If you’re charging me $15 for apple cider at a hayride it better contain enough booze to enable me to see a headless horseman.
A beautiful woman said hi to me at the store and I panicked and said Merry Christmas.
[at a movie theater]
Cashier: Can I help u?
Me: One large cornpop please
C: Sir it’s the other way around
Me: Ok- can I help u?
Cashier: Such a GREAT day…how’s your weekend?
Me: *slides tampons across counter*
Cashier: Nevermind…
[restaurant]
can I get 8 single slices of pepperoni pizza please?

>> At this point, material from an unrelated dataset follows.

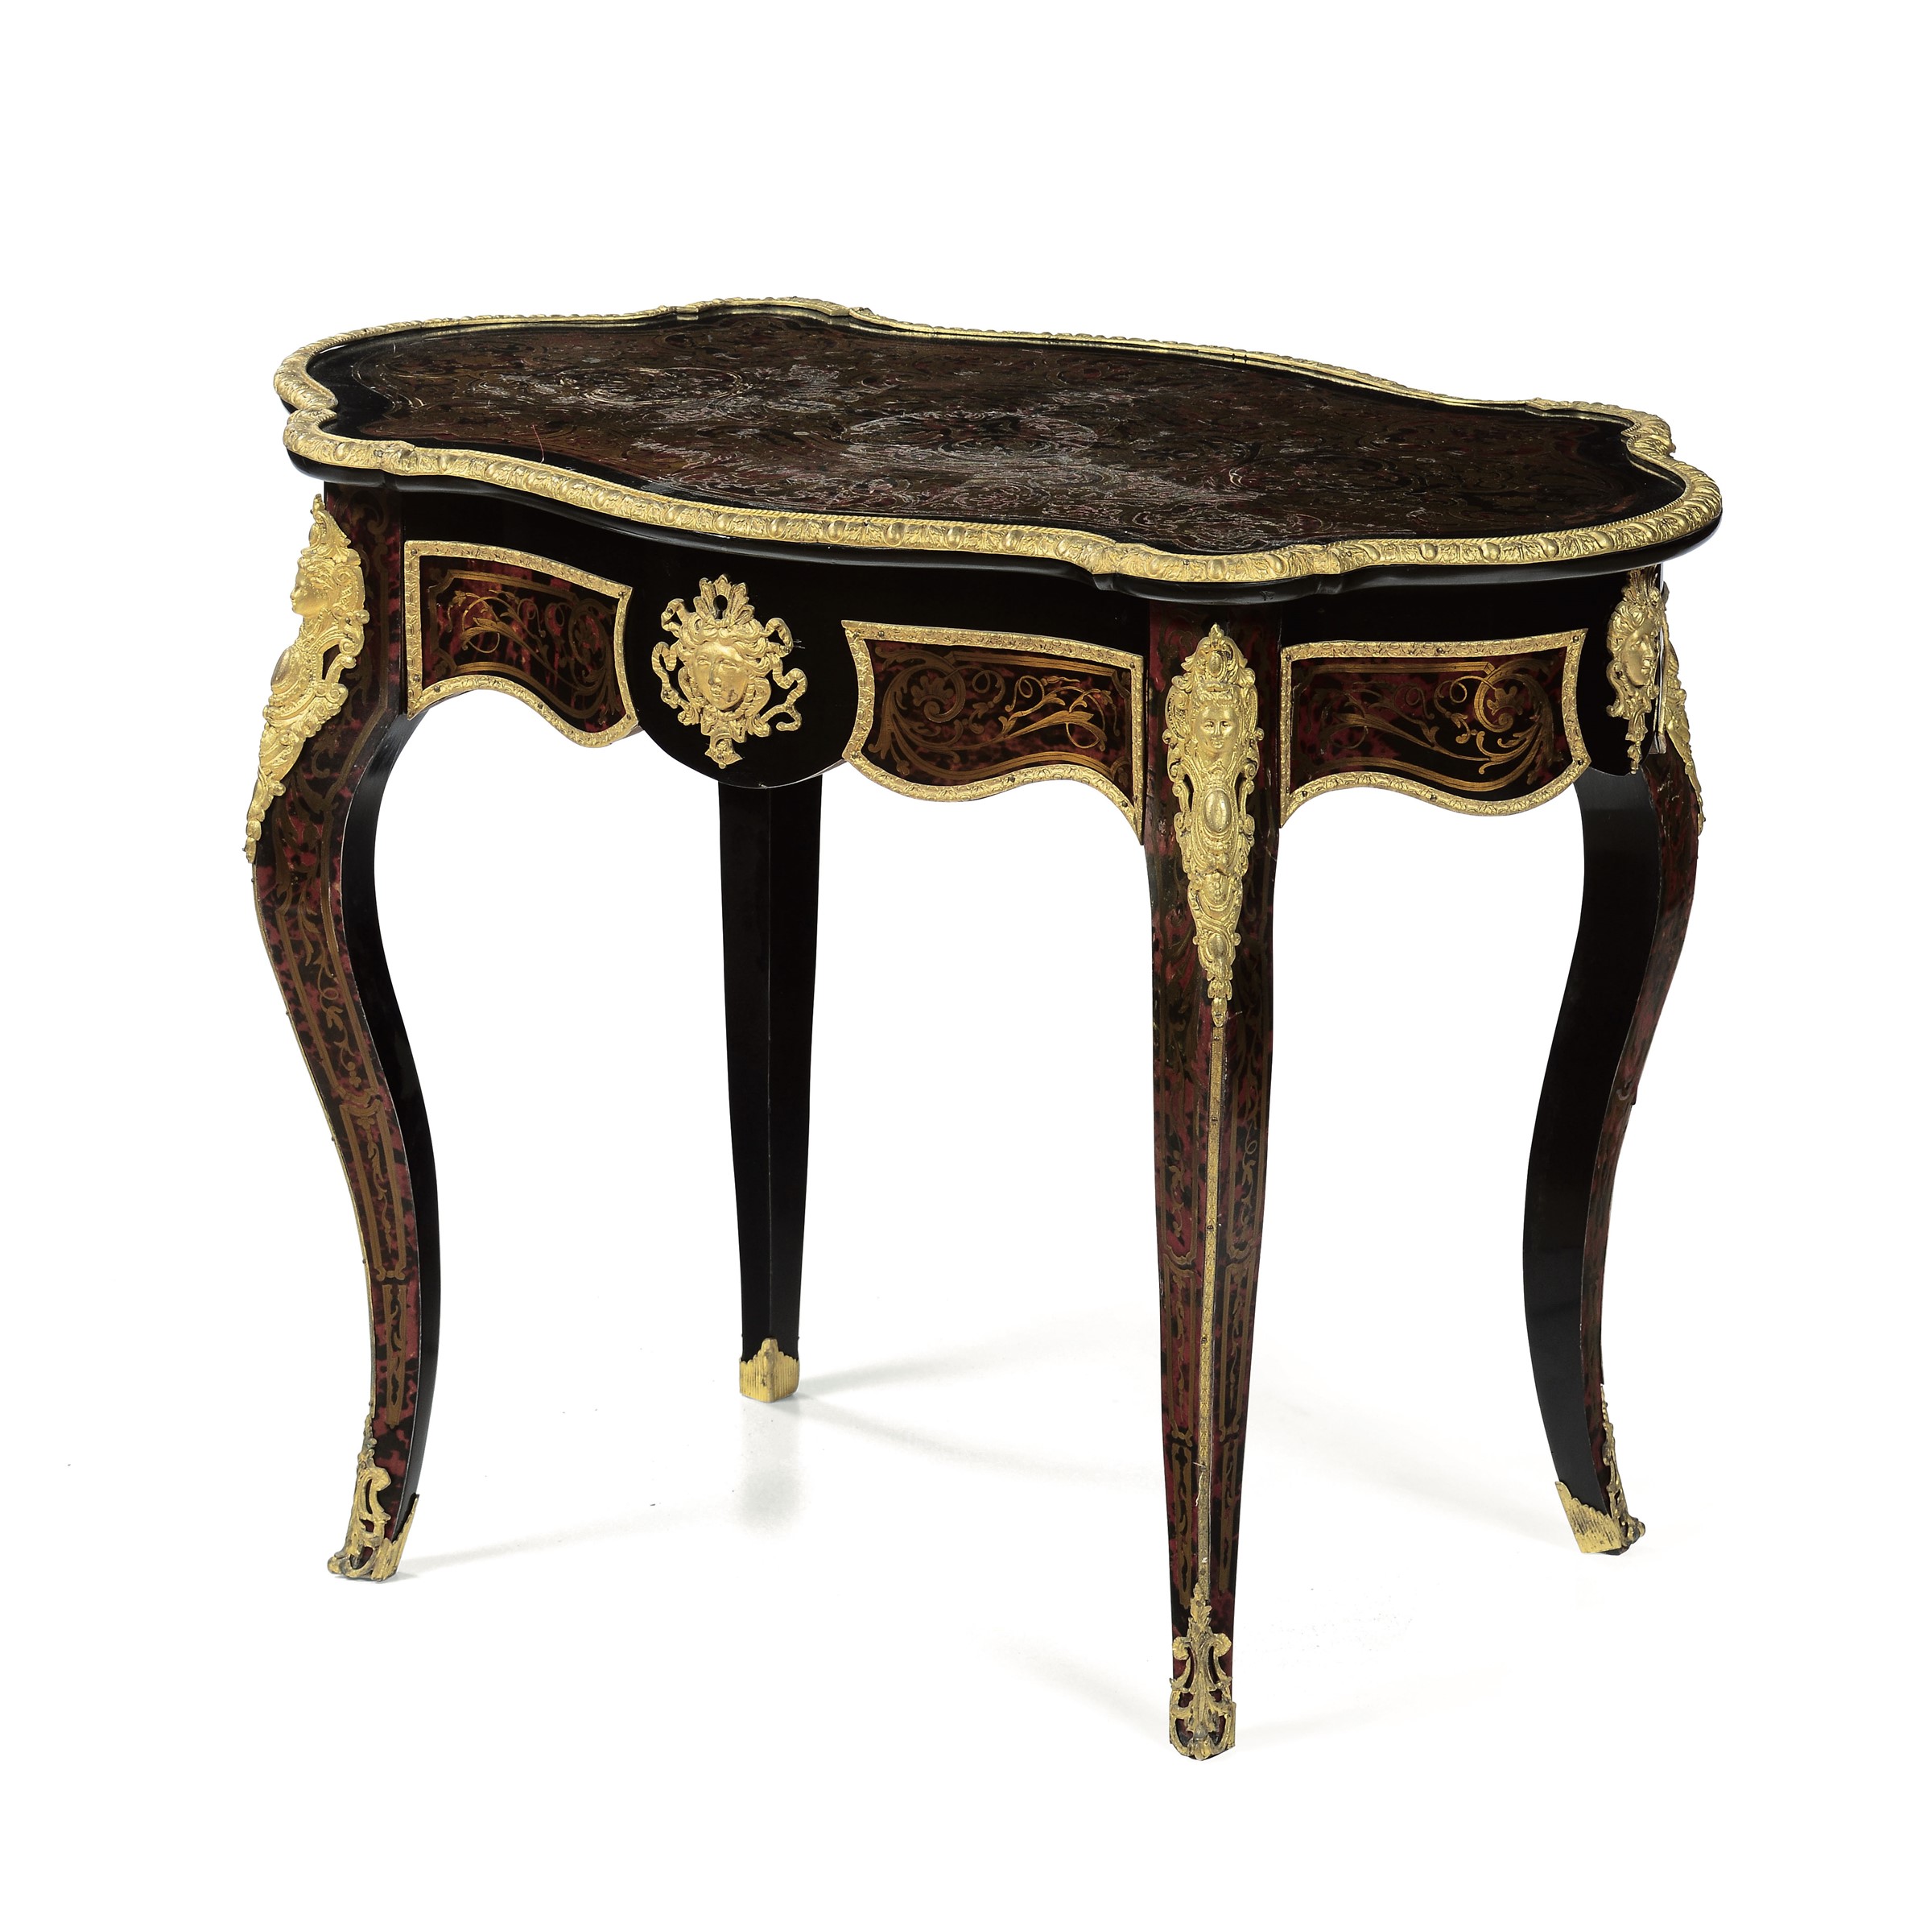 A Napoleon III table, 19th century - Ebonised wood with a gilt metal Boulle decor. [...]

-how bout just one whole pizza instead?
oh no I can’t eat a whole pizza
Grease is my favourite movie about how smoking gets you a boyfriend.
my neighbour ryan: I was at a zombie walk we all dressup and walk around downtown
me holding an axe: I wanna believe you ryan I really do
Him: *running* That’s not what they mean when they say, “Chicks dig scars!”
Me: *shovel in hand* It’s what this chick means.
INTERVIEWER: So…that’s it. Any questions for me?
ME: Do boxer dogs actually punch?
I: um no that’s not
ME: I bet they use a puppercut
[God making humans]
*watches YouTube video*
“Okay, got it!”
Went to my uncle’s funeral today open bar pretty good food but my uncle was dead 3/5 stars
Getting my hair done Monday.
Good news for the kids who scream “WITCH” as they pass by my house, bad news for the birds that live in it.
ME: [trying to console a friend whose house has been demolished] Cheer up, bulldozing is the sincerest form of flattery
Me: HEY LADY YOU STOLE MY PARKING SPOT!
Her: so
Me: *noticing she opened a Gatorade on the first try* HAHA JUST KIDDING ITS TOTALLY YOURS.